• What you should do:
Copy all the data exactly, except the pictures.

• Data excerpt:
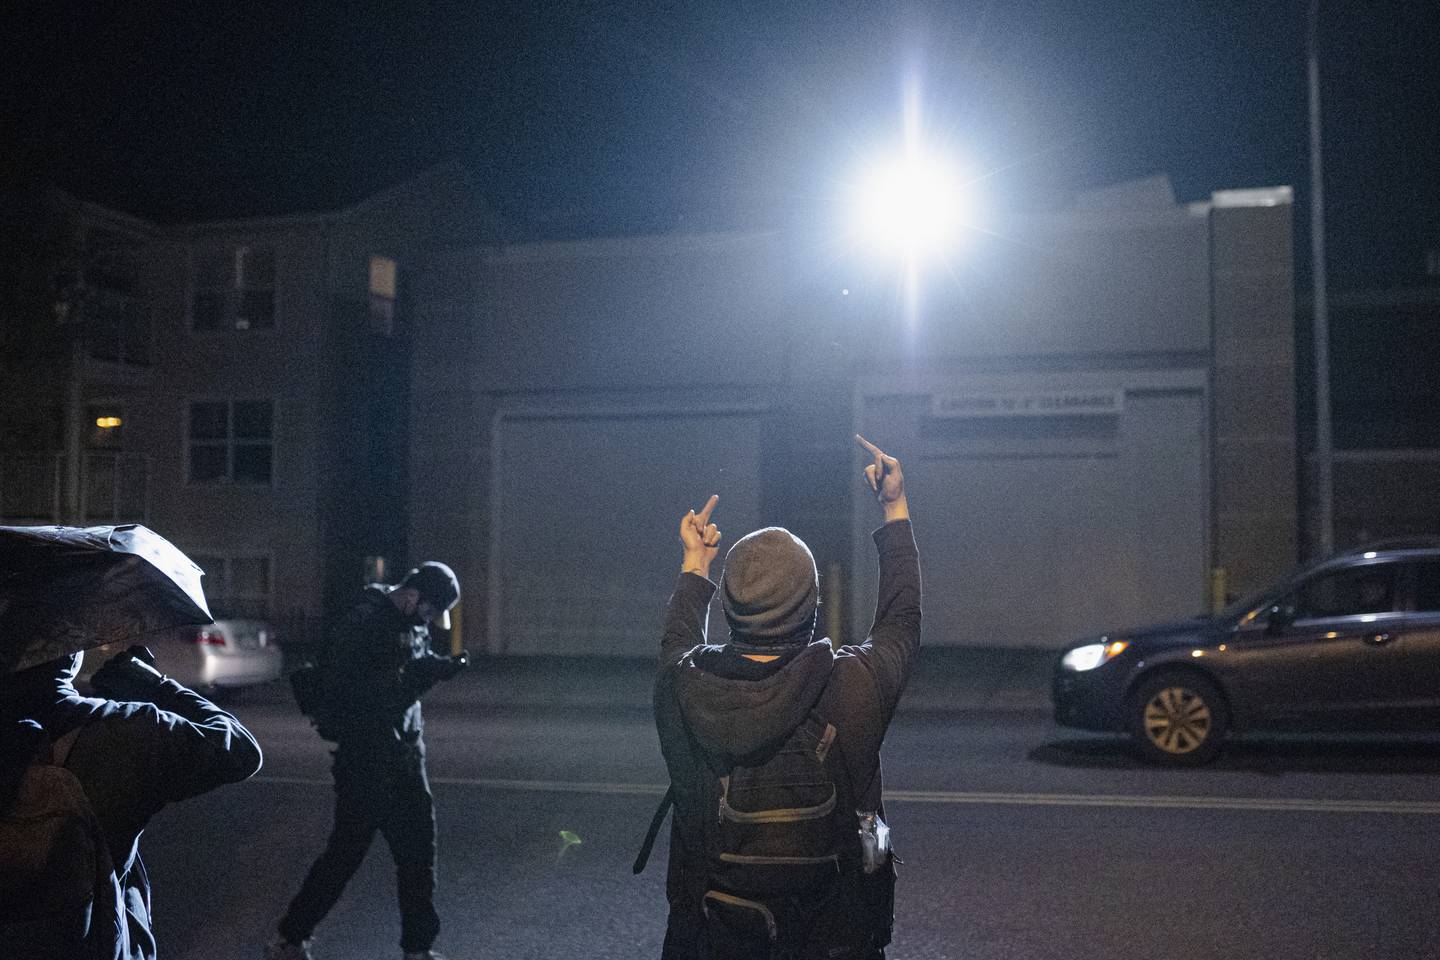 A protester gives two middle fingers to a police building.
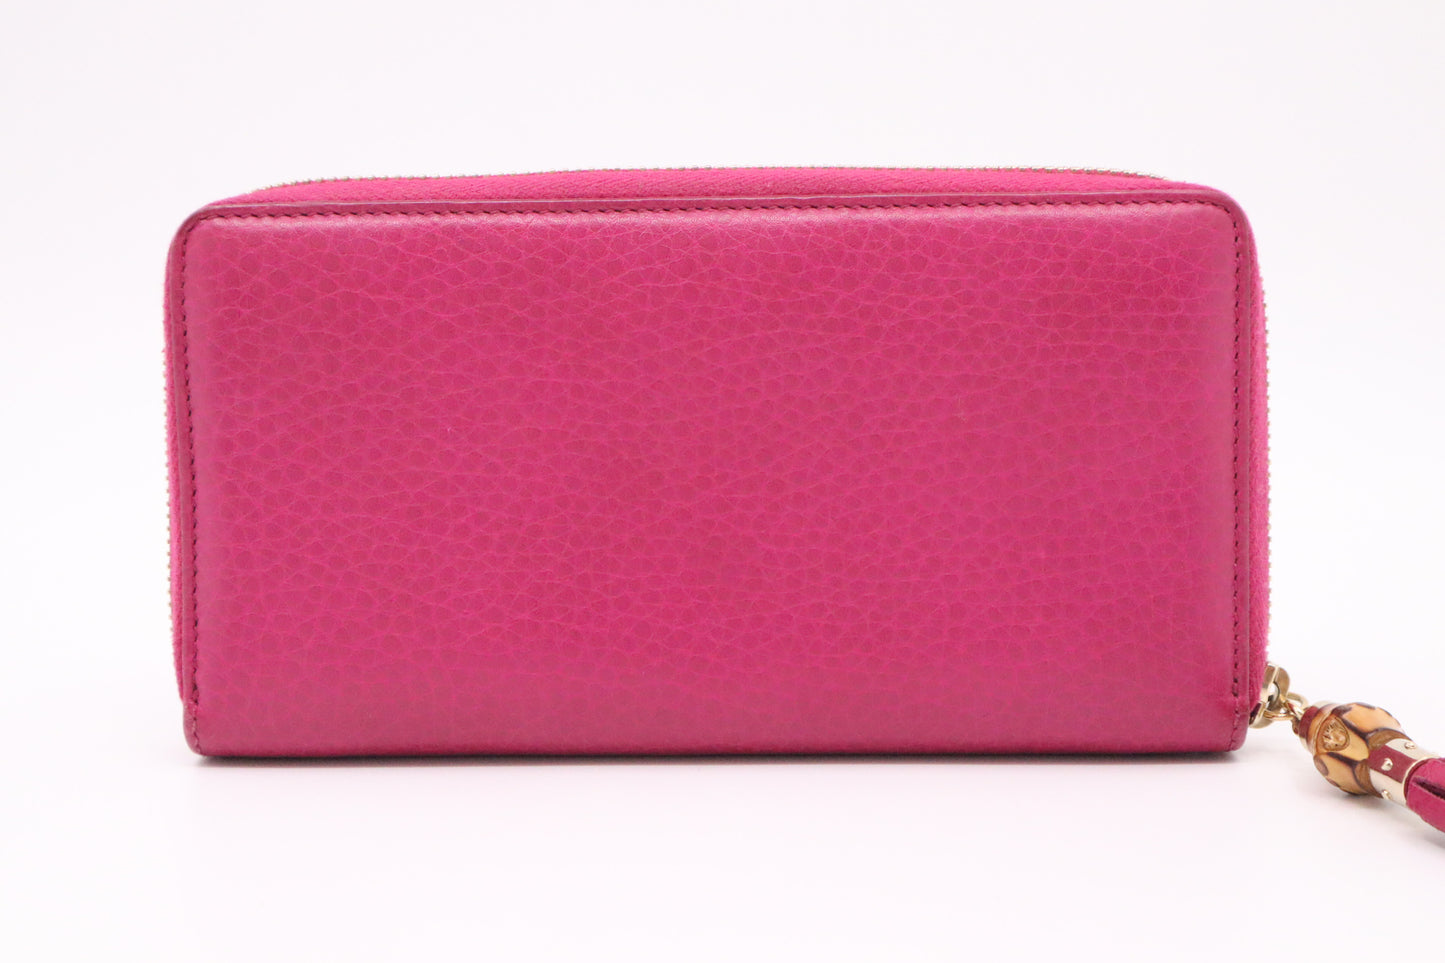 Gucci Bamboo Long Wallet in Pink Leather
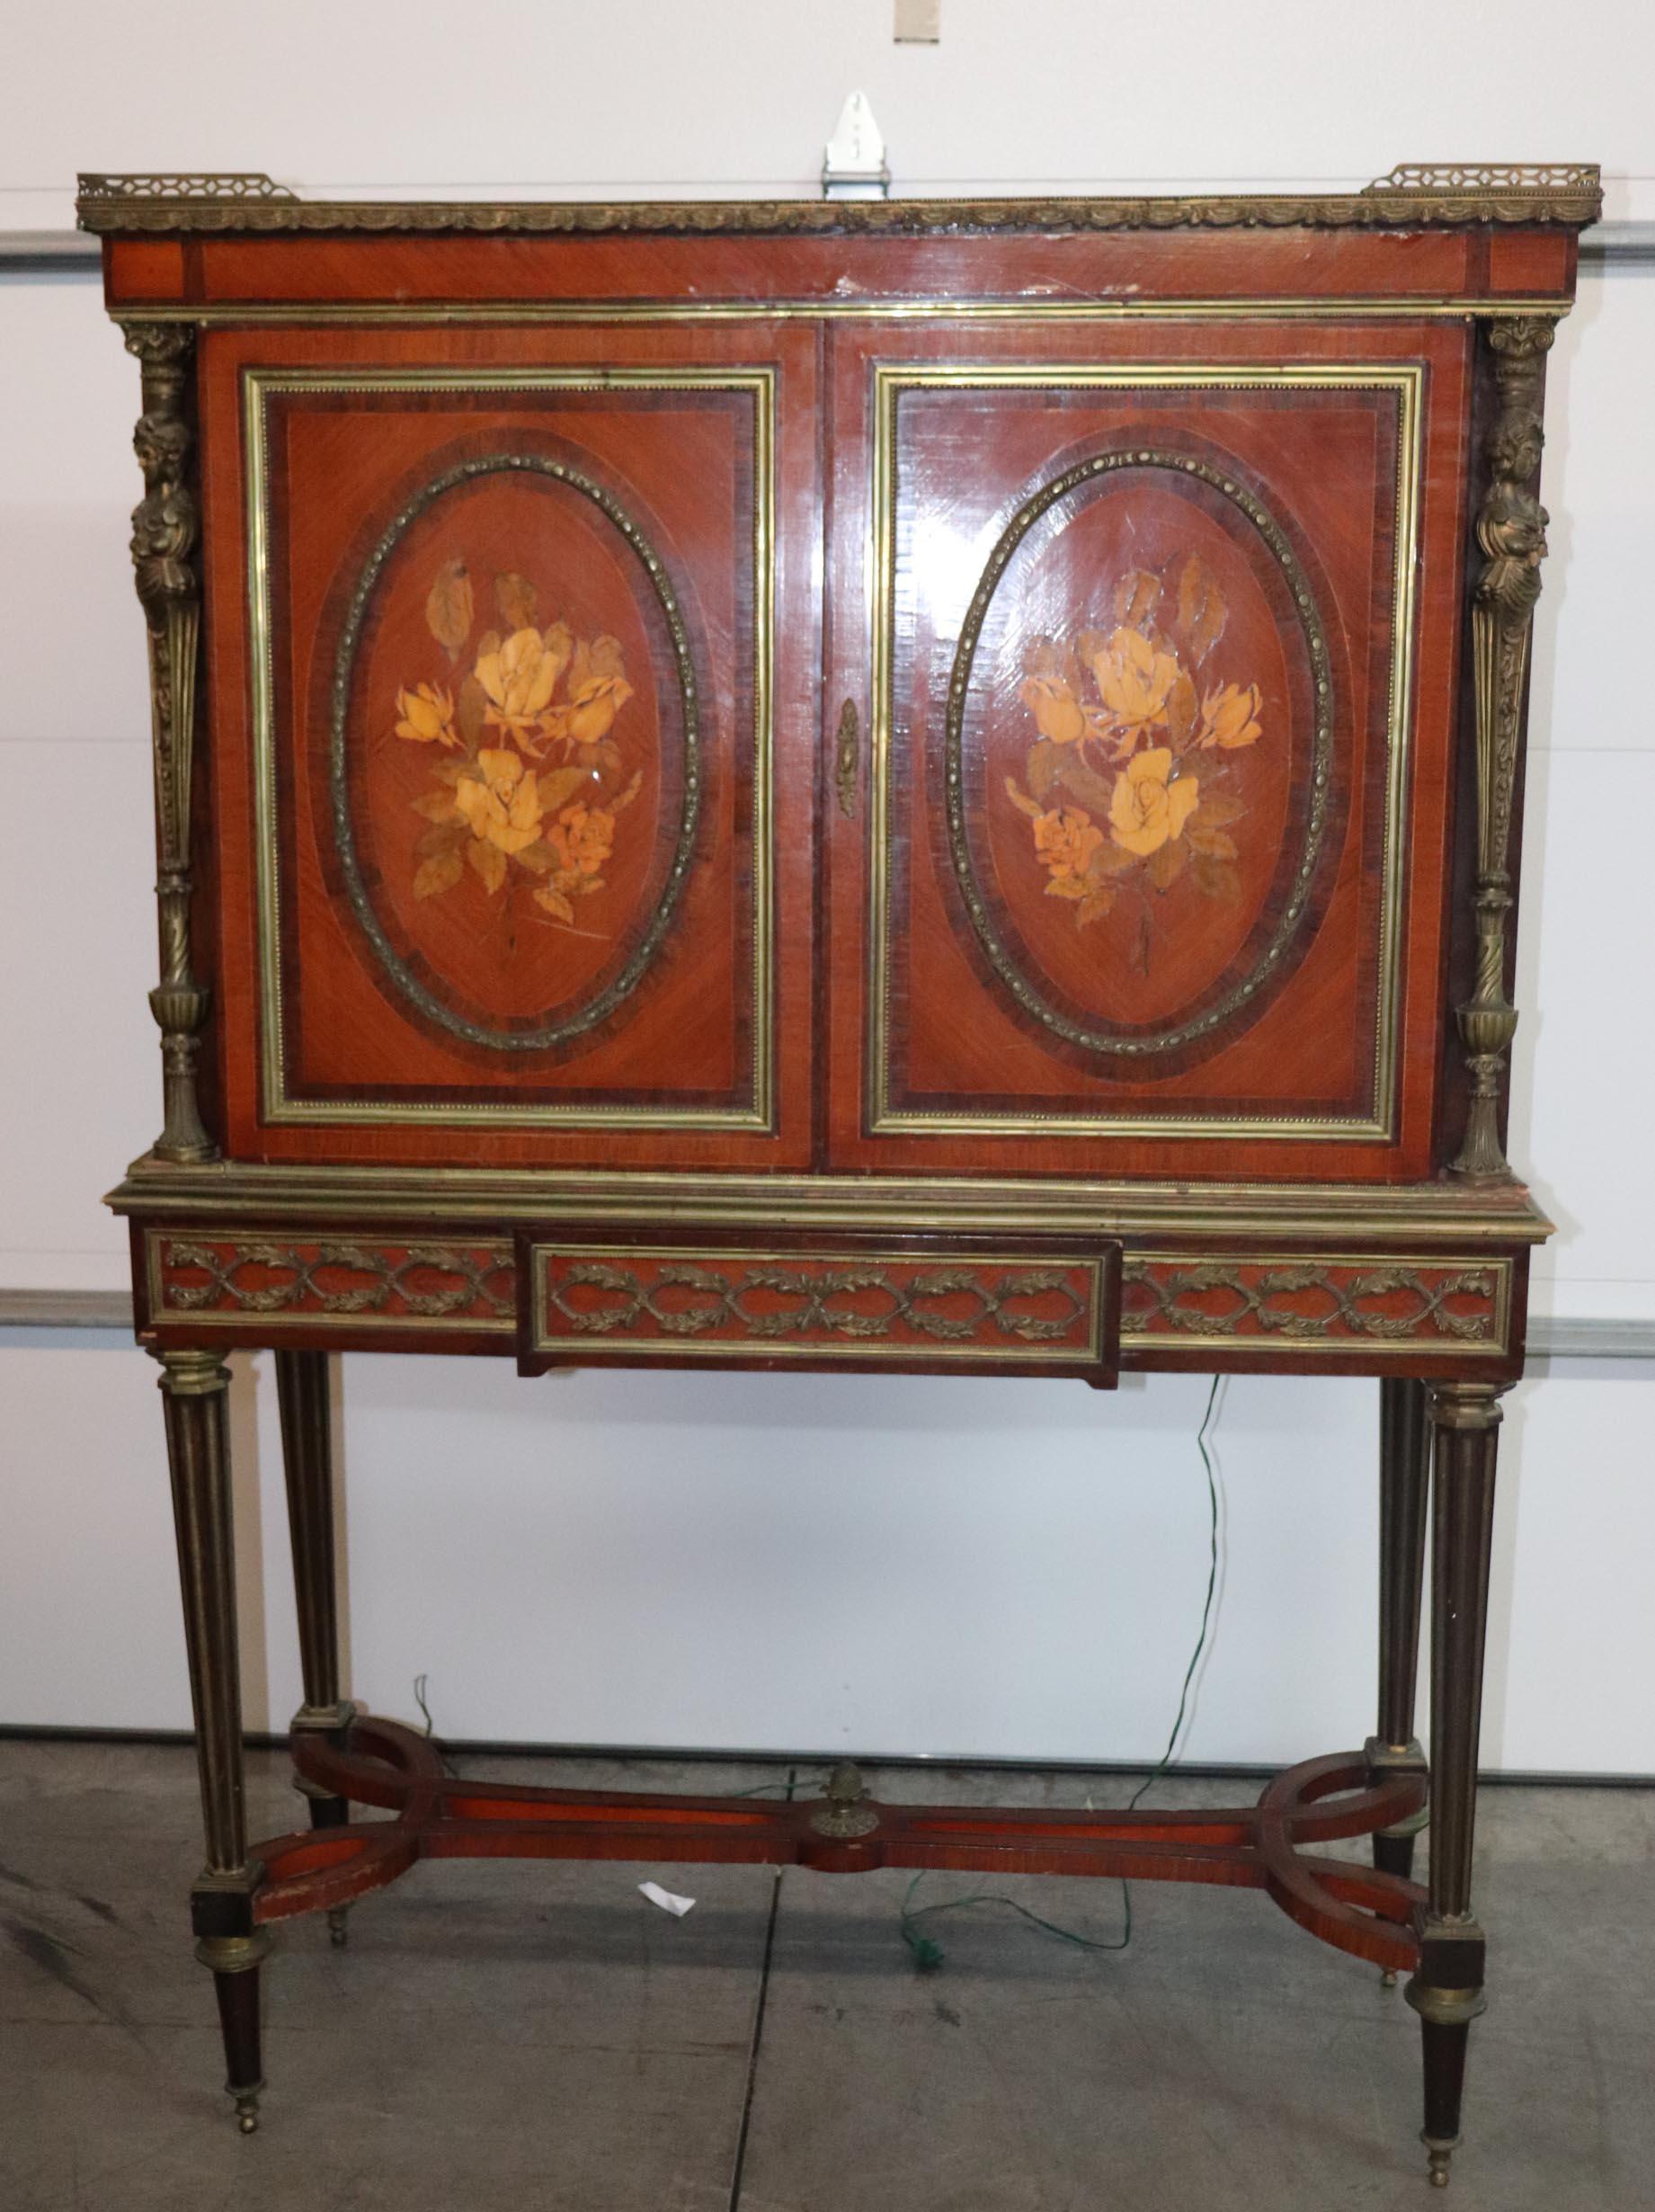 This is a stunning 1900s era (1890-1920) vitrine or collector's cabinet designed in the manner of Adam Weisweiler one of France's best known cabinetmakers who frequently used figural maidens and copious amounts of inlay and bronze. The piece is in

• Response area:
 A protester gives two middle fingers to a police building.
 Gucci Bamboo Long Wallet in Pink Leather
 This is a stunning 1900s era (1890-1920) vitrine or collector's cabinet designed in the manner of Adam Weisweiler one of France's best known cabinetmakers who frequently used figural maidens and copious amounts of inlay and bronze. The piece is in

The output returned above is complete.